*** DATA BELOW Section Begins ***

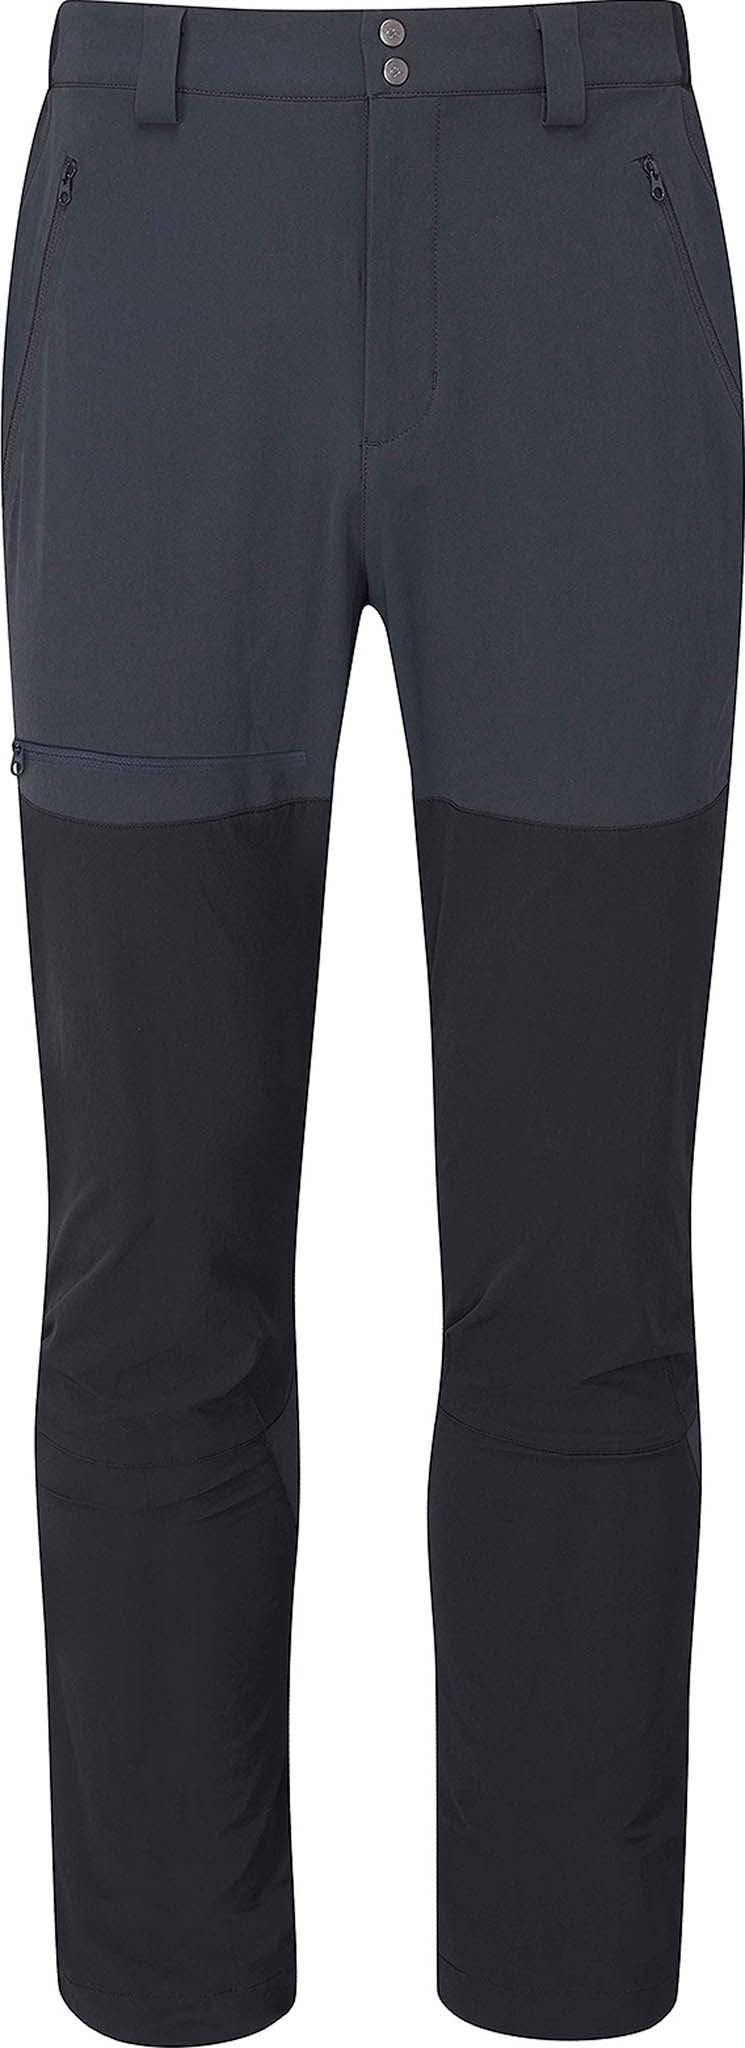 Numéro de l'image de la galerie de produits 1 pour le produit Pantalon de montagne de Torque - Homme
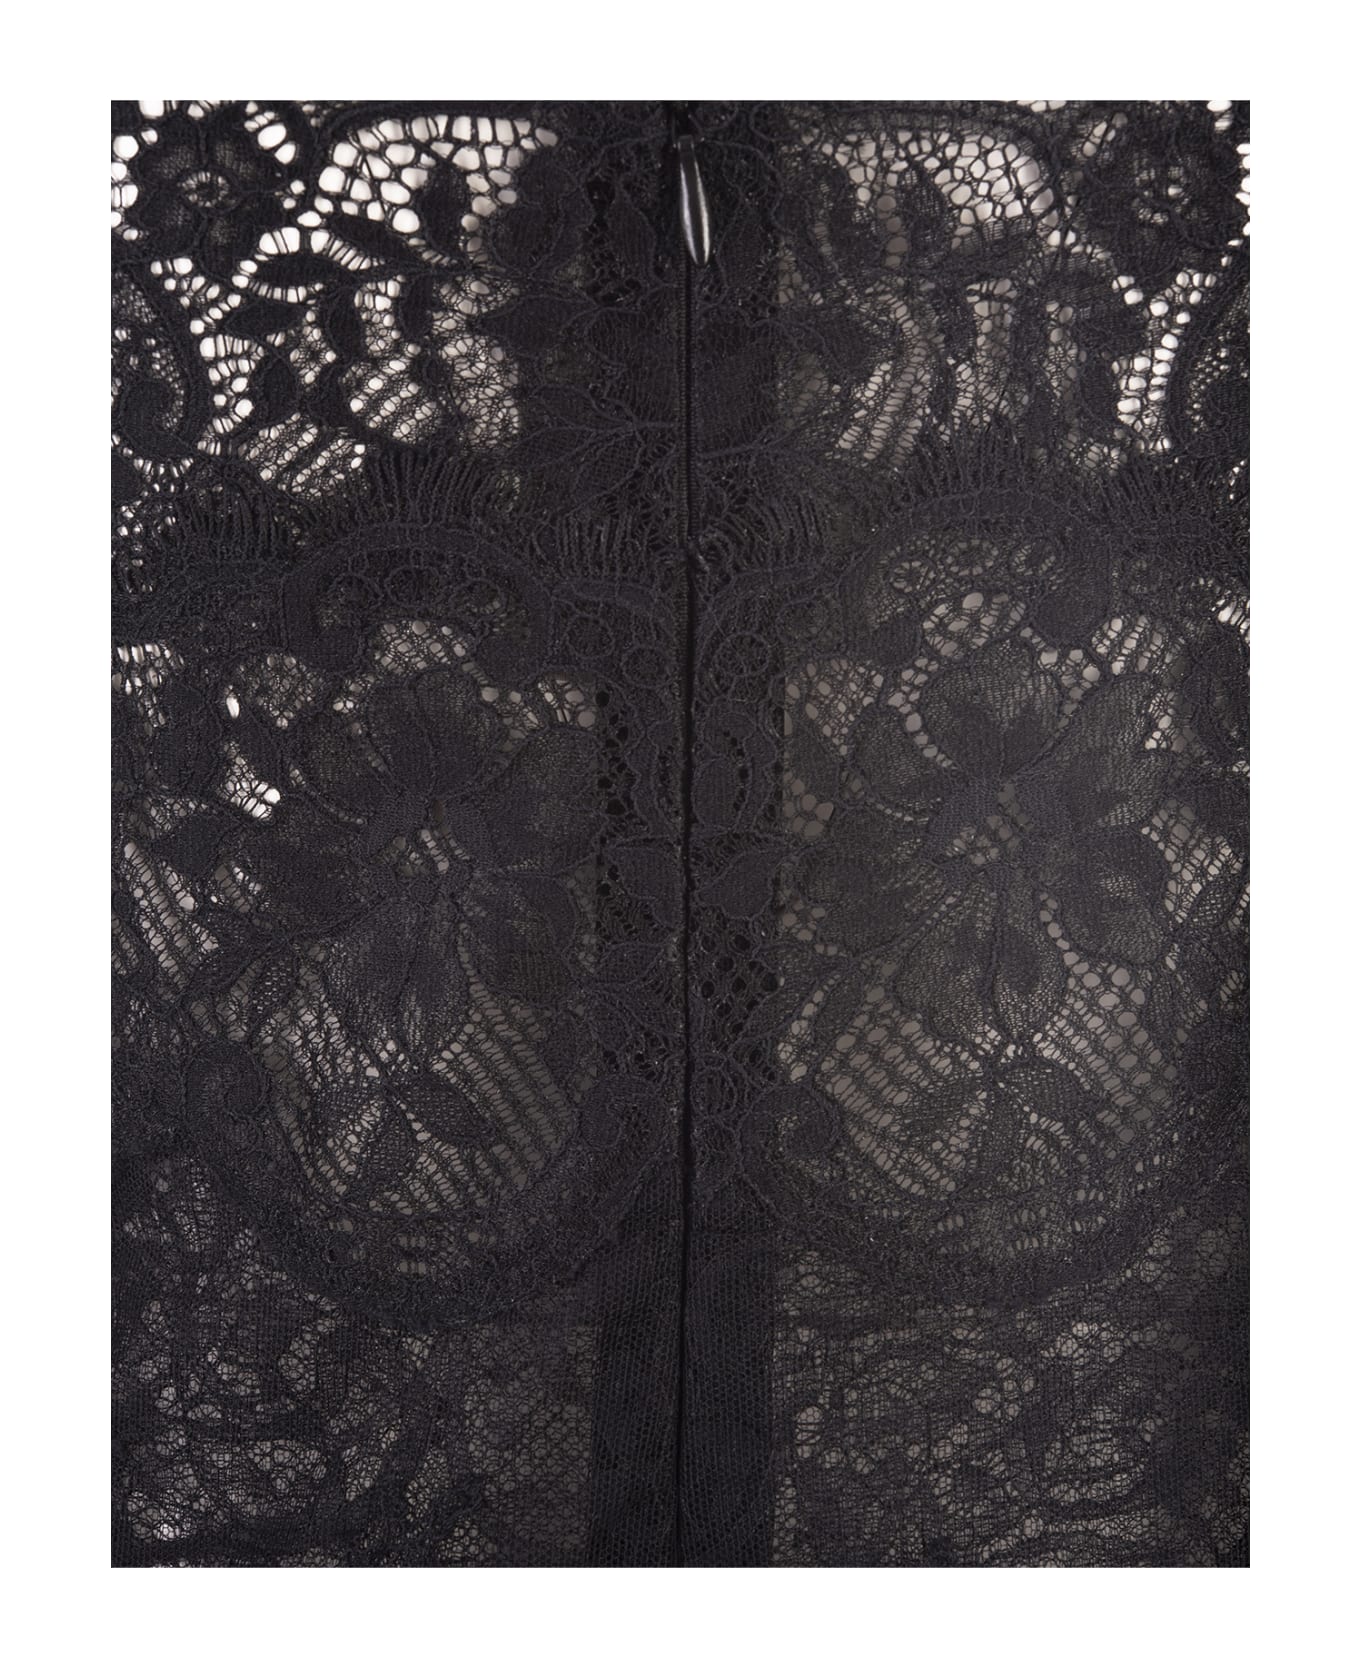 Ermanno Scervino All-over Black Lace Lingerie Dress - Black
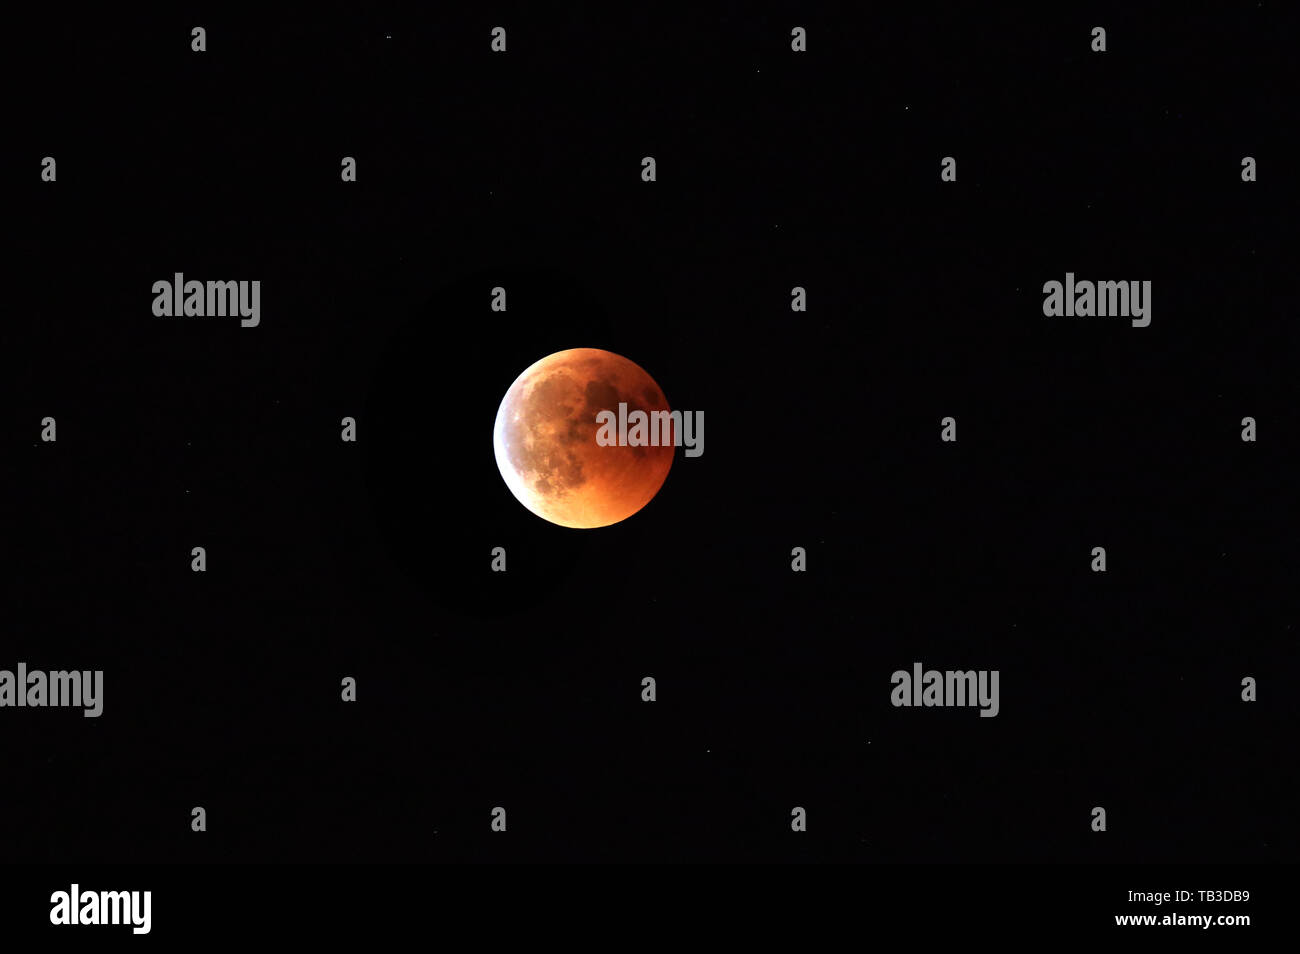 27.07.2018, Berlin, Berlin, Germania - eclissi lunare totale con rame-colorato di rosso la luna piena, la cosiddetta luna di sangue. 00S180727D955CAROEX.JPG [modello Foto Stock
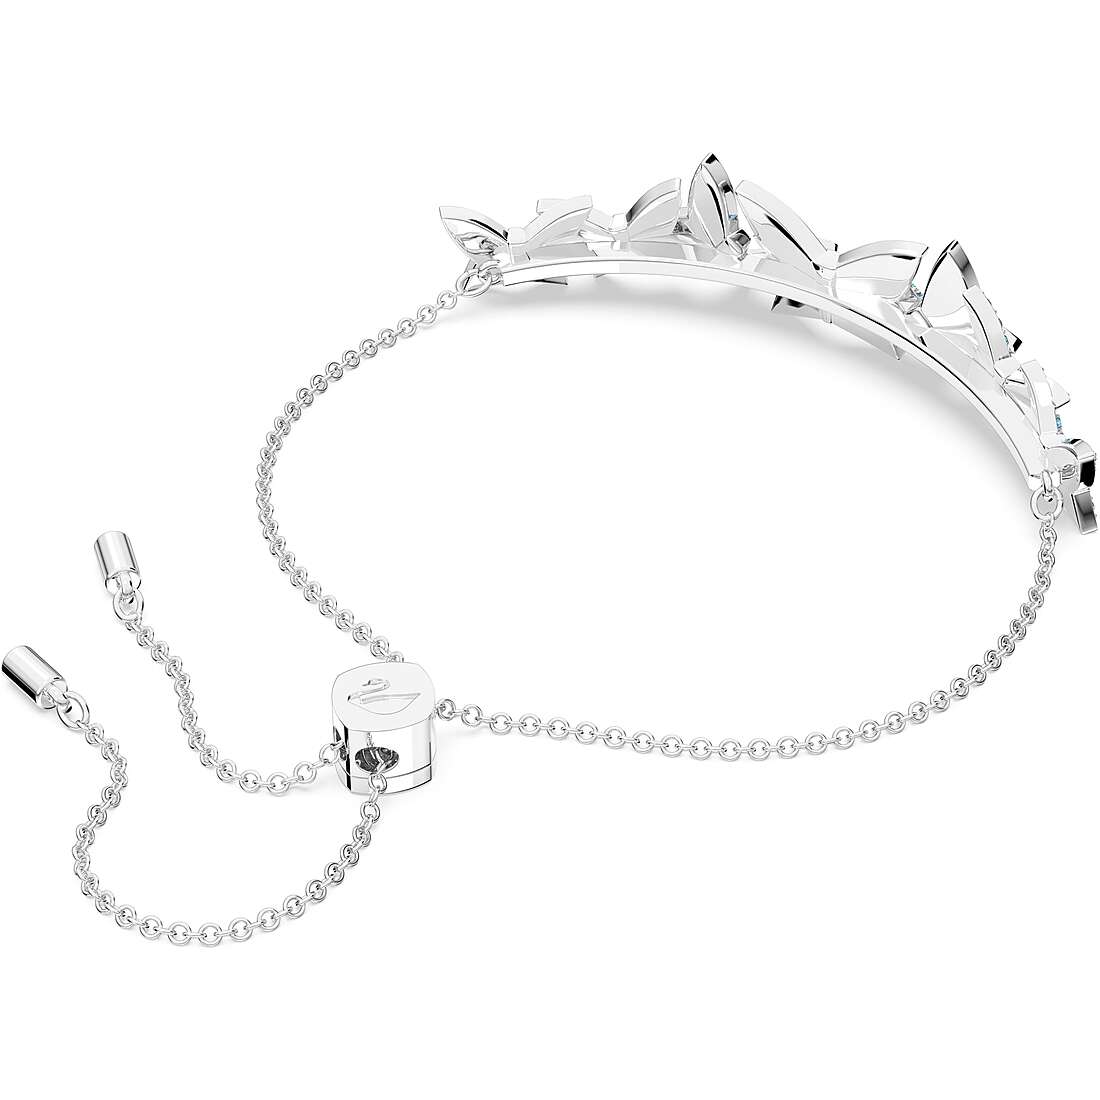 Armband Charms/Beads frau Silber 925 Schmuck Swarovski 5662184

*** DATA BELOW Section Ends ***

* [WORK TO BE COMPLETED] Leaving aside the pictures, copy the listing above exactly.

* [YOUR RESPONSE]
 Numéro de l'image de la galerie de produits 1 pour le produit Pantalon de montagne de Torque - Homme
 Ermanno Scervino All-over Black Lace Lingerie Dress - Black
 27.07.2018, Berlin, Berlin, Germania - eclissi lunare totale con rame-colorato di rosso la luna piena, la cosiddetta luna di sangue. 00S180727D955CAROEX.JPG [modello Foto Stock
 Armband Charms/Beads frau Silber 925 Schmuck Swarovski 5662184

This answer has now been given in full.